Friday, July 14, 2017

Navigating Proposal Writing

Coming up with ideas for stories can be difficult. Not only do authors have to struggle with finding the right characters and the write plots, it is also an issue of determining whether or not the idea will work well months in advance of when that book would hit the shelves. In other words, what works this month may be out of style when that book would finally be ready for publication. The additional struggle is that the time you are spending working on these new proposal ideas is probably taking away time from your current writing that is doing well.

To truly craft a strong proposal is not easy.  Just saying you have a story idea is not enough. To convince an editor or agent will require providing a lot of depth to that small paragraph or two of your proposal. There needs to be a sense of knowing what will hold that book or series together. There needs to be a sense of what the conflict will be that is going to create that dynamic tension within the story.

As you think of your book, try to conceive how you would market this book. What would the book buyers and the readers be thinking as they see the concept in a catalogue or in marketing campaigns by the company. There needs to be a lot to tease the reader into wanting to buy that book or series.
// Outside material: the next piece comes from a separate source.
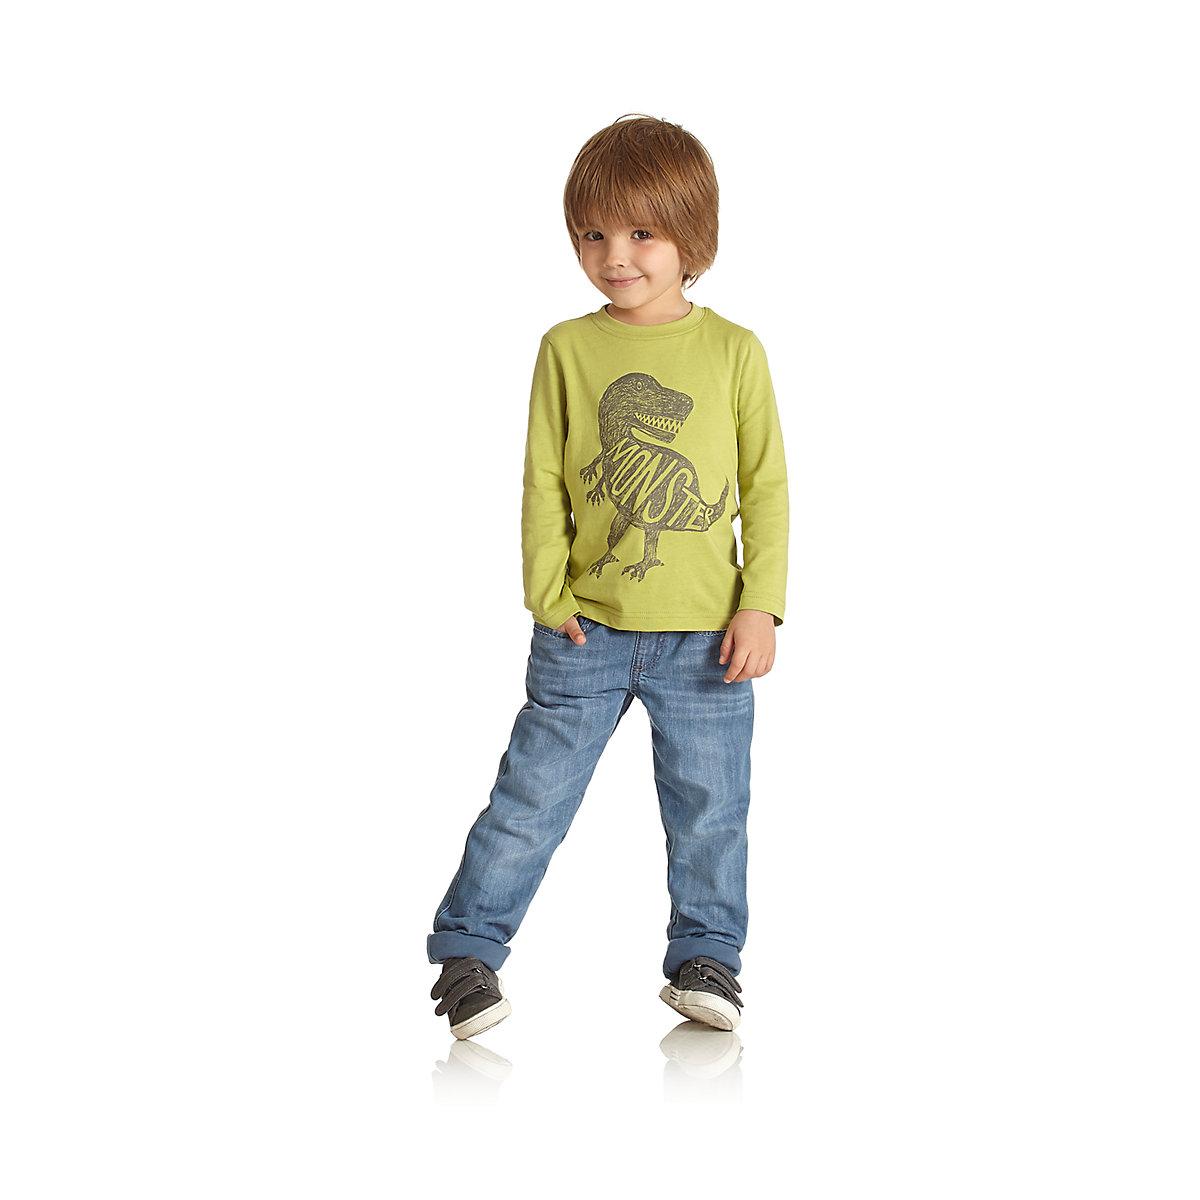 Mothercare Green Dinosaur T-Shirt - Dinosaur Gifts

It is also important to consider what your strengths are as a writer. As you write that proposal, think of how you can blend your current voice into this new idea. Trying to dive into a project that is outside of your normal voice will take a lot more work. The goal is to stick with what you know and tweak it slightly.

Finally, think of the market. How does that story fit with what is currently selling now and what may be selling a year from now. This is going to take some guessing, but you can get pretty close if you are examining the current trends.

There really isn't one right way of putting this proposal together. I think the key is to always just think it though. You can't just wing this one. You have to think of all the nuances of the project ahead of time and be prepared with answers. To truly sell a proposal requires you knowing EXACTLY how you see that finished project looking.